We train the model using data from the BioASQ competition which consists of abstracts from PubMed publications. We use 2016-2019 data for training and 2020-2021 for testing which gives us ~2.5M publications to train and 220K to test. This is out of a total of 14M publications. It takes 4 days to train WellcomeBertMesh on 8 Nvidia P100 GPUs.

The model achieves 63% micro f1 with a 0.5 threshold for all labels.

The code for developing the model is open source and can be found in https://github.com/wellcometrust/grants_tagger

How to use

⚠️ You need transformers 4.17+ for the example to work due to its recent support for custom models.

You can use the model straight from the hub but because it contains a custom forward function due to the multilabel attention head you have to pass trust_remote_code=True. You can get access to the probabilities for all labels by omitting return_labels=True.

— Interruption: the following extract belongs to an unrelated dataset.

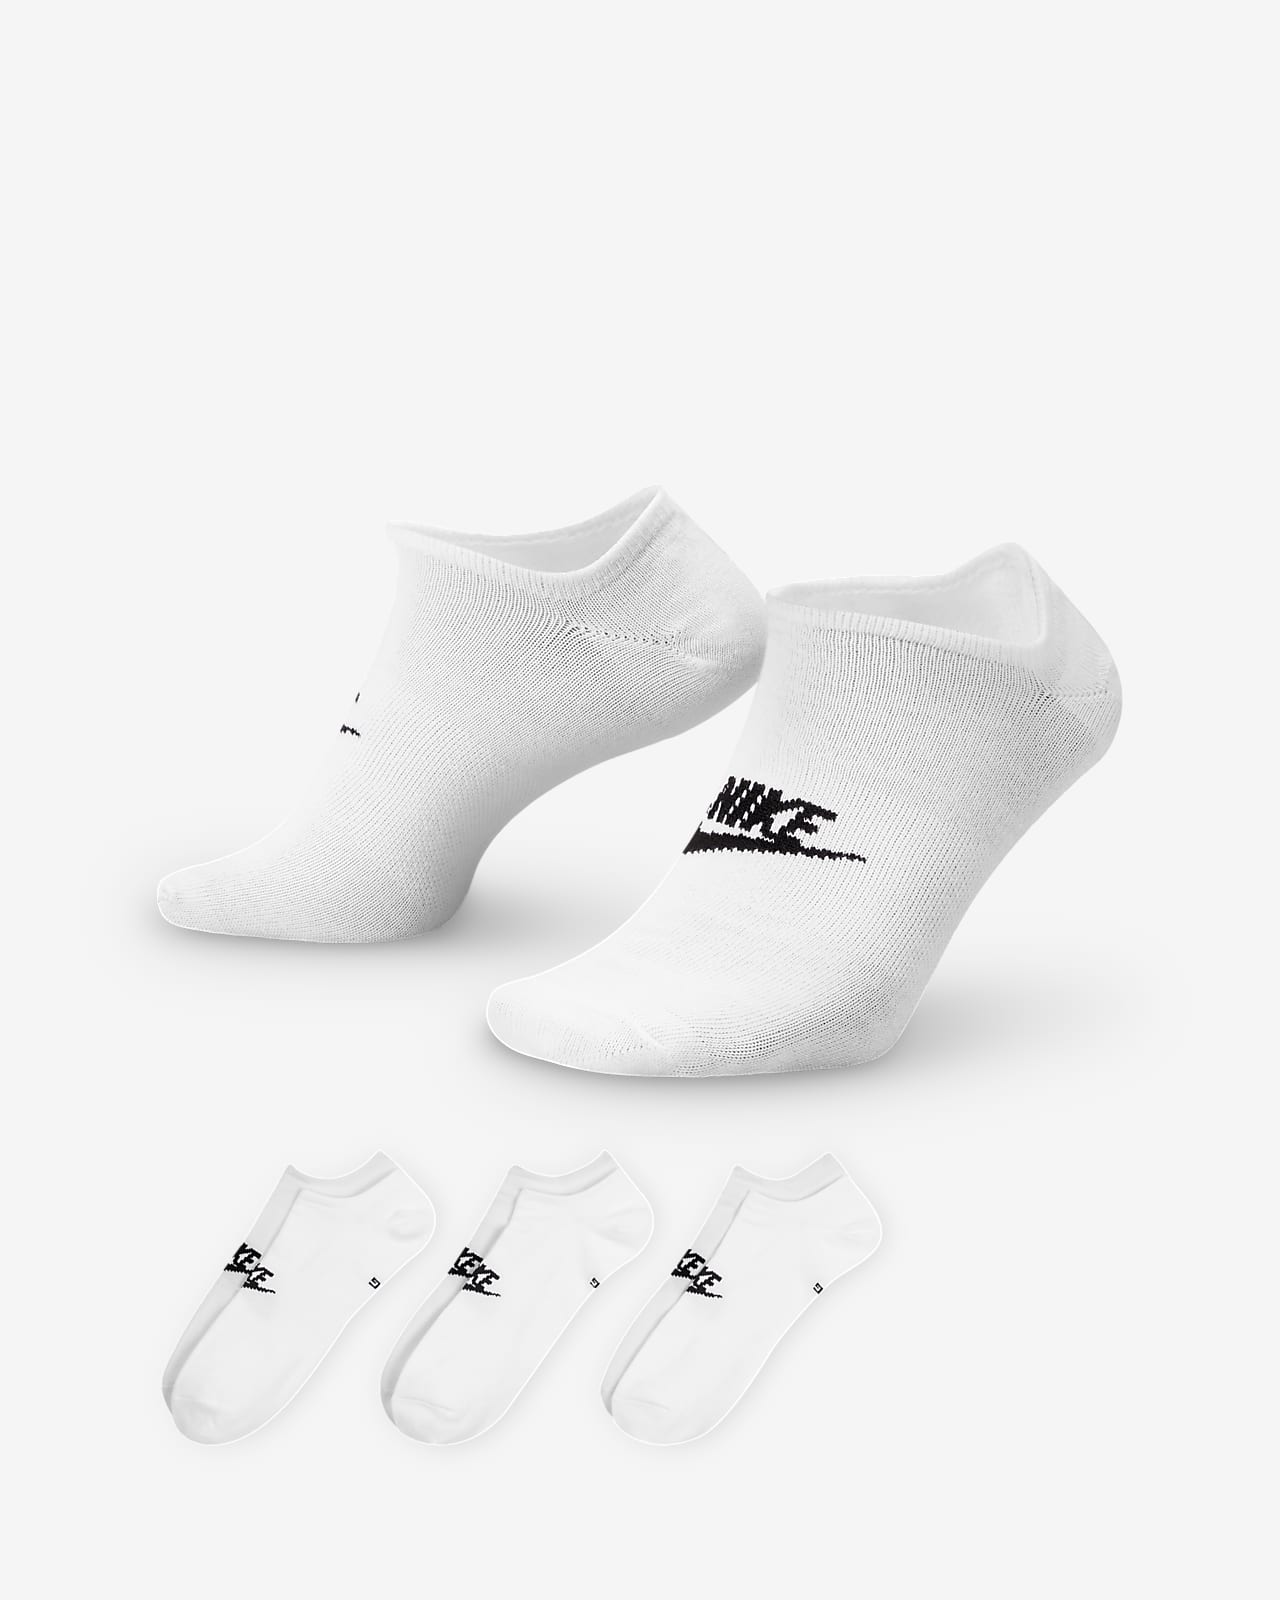 Chaussettes invisibles Nike Sportswear Everyday Essential (3 paires)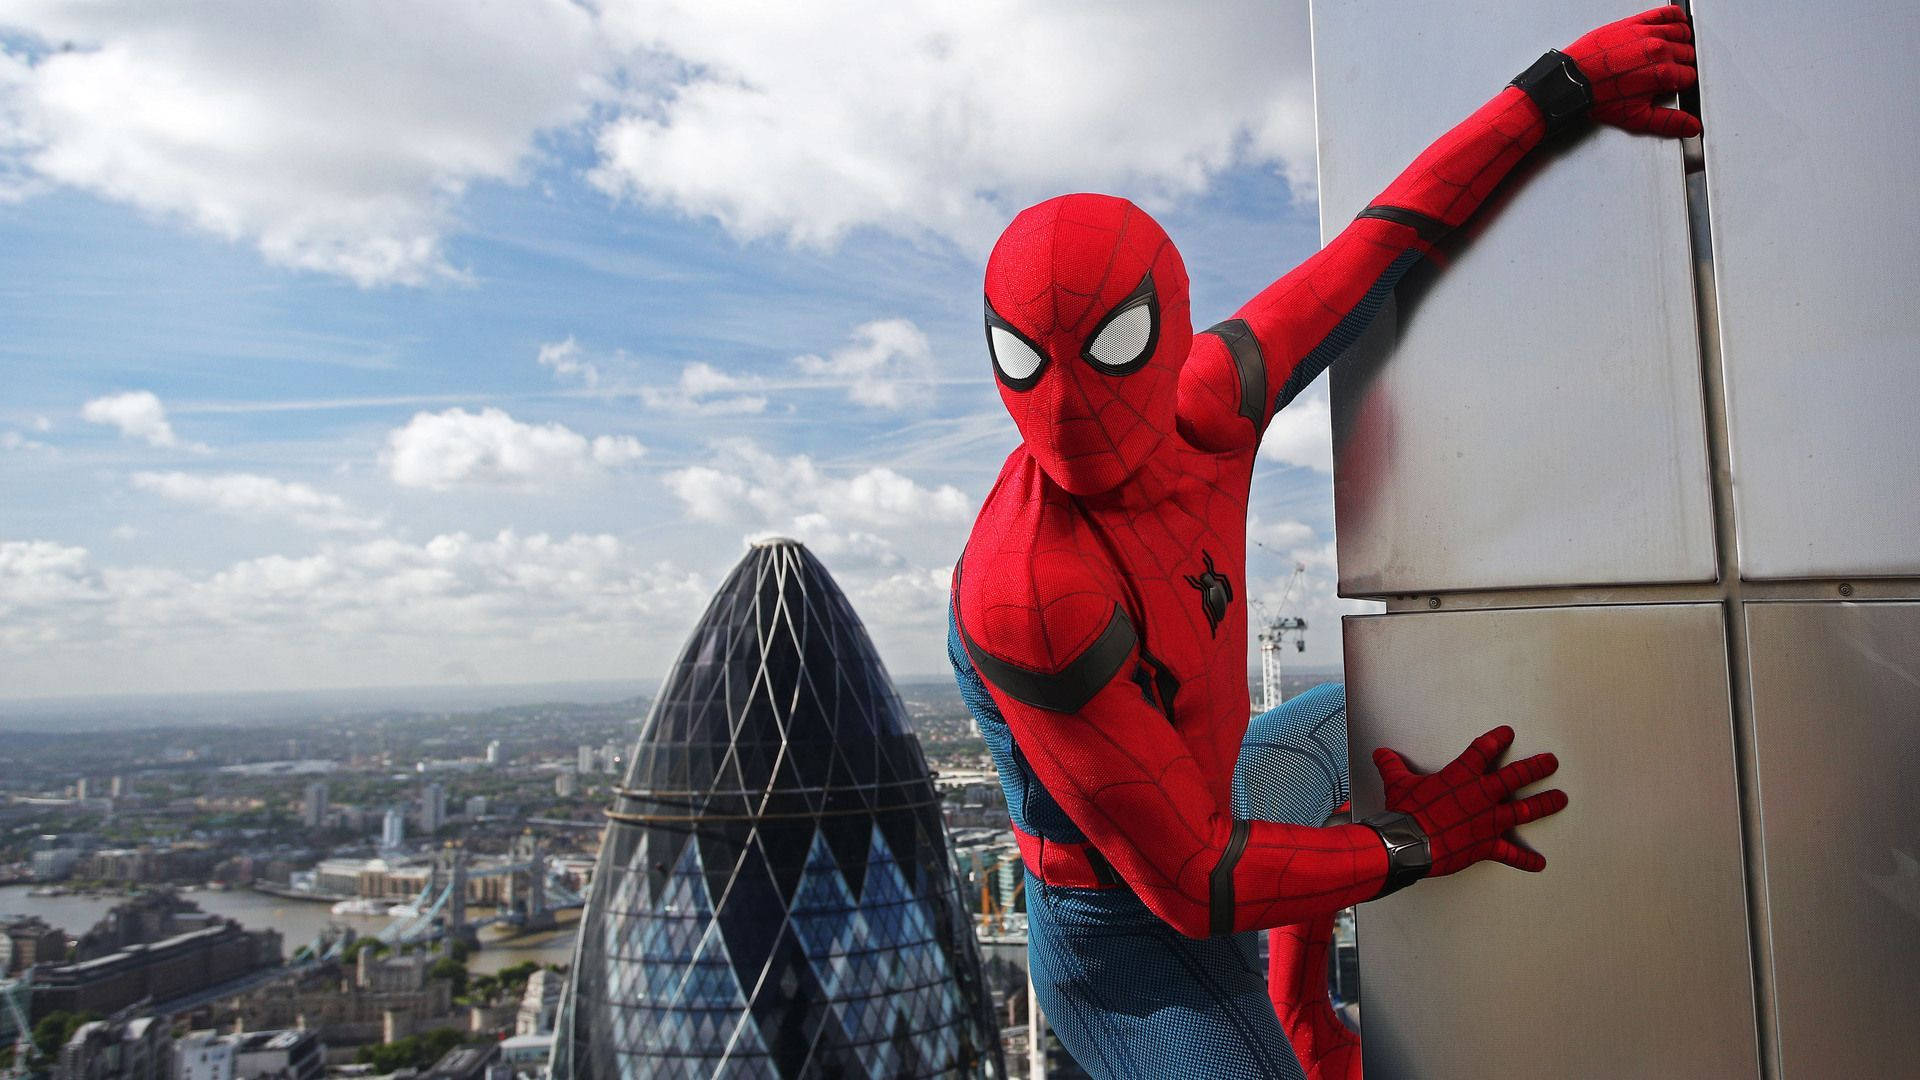 Spiderman And Gherkin Tower

from transformers import AutoModel, AutoTokenizer

tokenizer = AutoTokenizer.from_pretrained(
  "Wellcome/WellcomeBertMesh"
)
model = AutoModel.from_pretrained(
  "Wellcome/WellcomeBertMesh",
  trust_remote_code=True
)

text = "This grant is about malaria and not about HIV."
inputs = tokenizer([text], padding="max_length")
labels = model(**inputs, return_labels=True)
print(labels)

You can inspect the model code if you navigate to the files and see model.py.